My BF (30M) and I (26M) have been together (Kinda) for over 2 years. We have broken up a few times twice for less than a week and once for a month and a half. We both live with our parents and are in school full-time rn, and it's hard to manage a sex life and social life around both of our families and schedules. When you read this, I'm sure you'll question why were still together, but we do love each other. We get along well and have a lot of similar interests.
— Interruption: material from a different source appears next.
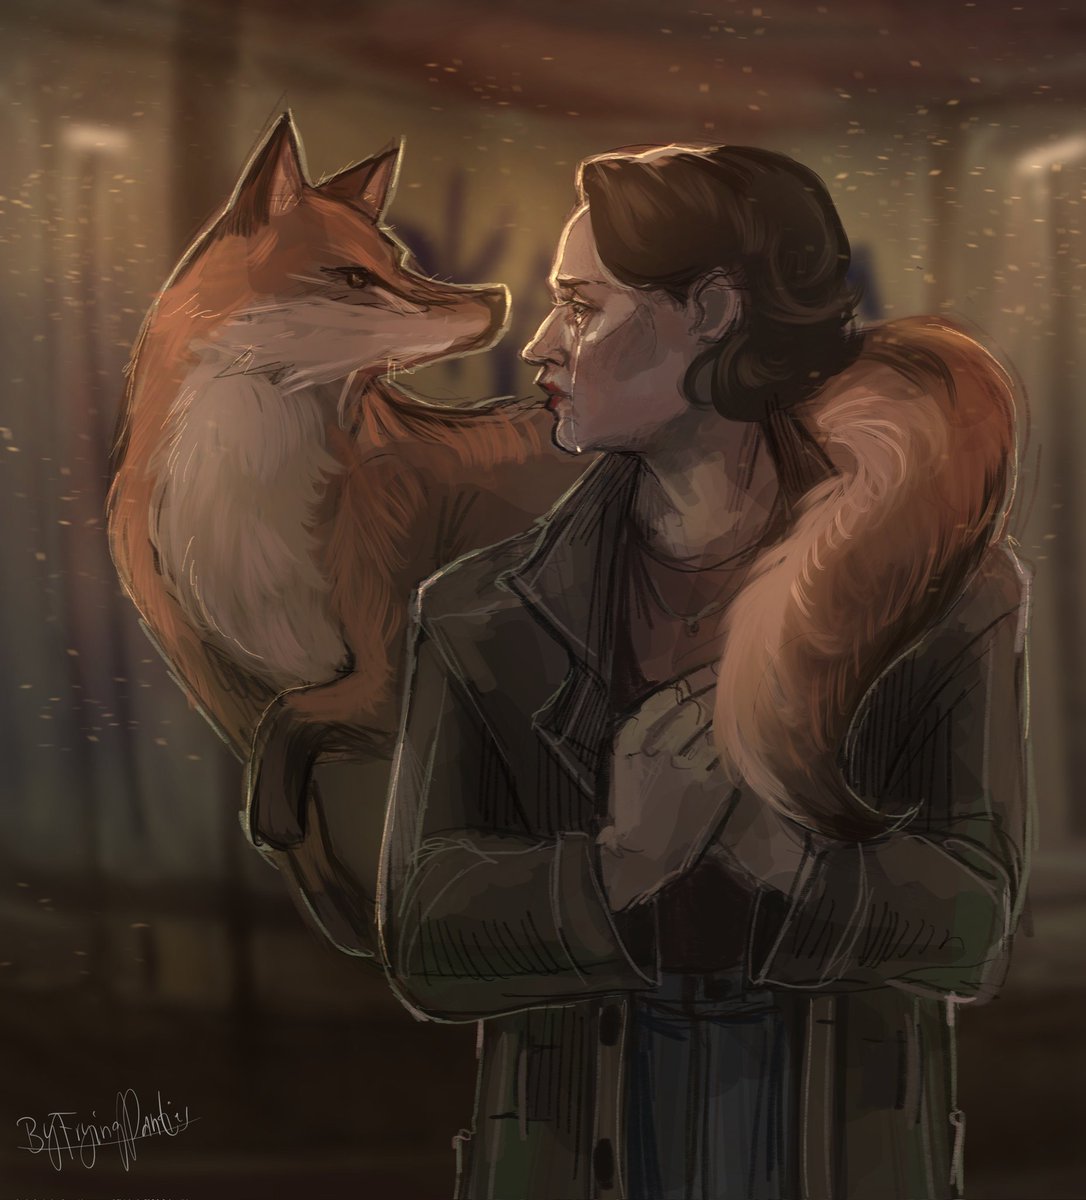 Had my own IRL parallel to Fleabag (positive, though) today and my very human response to such emotion was to draw!

#fleabag #phoebewallerbridge #fox #art #artist #digitalart #illustration

That said I try not to hold it against him when we don't have sex for a while, and I try not to pressure him into needing to have sex with me (my sex drive is much bigger than his). i generally try not to bring it up, but will kinda try to get him in the mood if the family isn't around and I see a chance. I end up usually getting told no and that he's not in the mood, and I can't force it; it has to be spontaneous or else he doesn't get into it. He makes me feel bad about trying to have sex with him sometimes, saying things like, "You need to understand the situation, we aren't having sex much because we both live with our parents, it's not my fault"... but ill comment back that "we both live with our parents so in order to have sex usually we will have to plan for when they're not around." He usually ignores my comments and interrupts me. He'll go back to his stance, "it needs to be spontaneous," and things like that. It's so frustrating. Idk what to do I'm kinda giving up.

Another thing that's been happening more recently is he makes me feel like I embarrass him, well tbh he will say I'm embarrassing him when we go out. I will dance and drink and have fun, and it's not a big deal I'm not having a crowd around me, but he just stands there, hands in his pockets swaying, barely looking at me, like he doesn't want people to know he's here with me. Sometimes we go out with friends and were all dance together, but he has a problem when I'm doing it. Recently, I met his school friend who is gay and his bf, and a few of their friends went out to the bar with us, we were all dancing and it was a lot of fun, and my bf was making the same comments to me. Idk if they heard or saw how he wasn't dancing, but they kept asking him the entire night why he was so serious/ stoic. I brought it up and he turned it back around on me, saying, "well they're being polite; they're not gonna tell you to your face that you're being embarrassing." They went up to him to tell him several times that night that he was being too serious, and apparently, they also told him they liked me better than him lol (he told me that). It was getting me really frustrated when he kept pushing off what I had to say and just kept saying that it was me who was embarrassing. He even said that there are parts of me I need to change. So I stopped talking I literally just turned and put on the tv.

I guess the advice i want is about what i should do?
I love him, but obviously, this doesn't seem healthy. He makes me feel like I'm being the crazy one, but i don't think i am, I'm def, not perfect and I have my own issues. We both have messed up, but idk if this can continue. I don't even feel comfortable being myself around him anymore.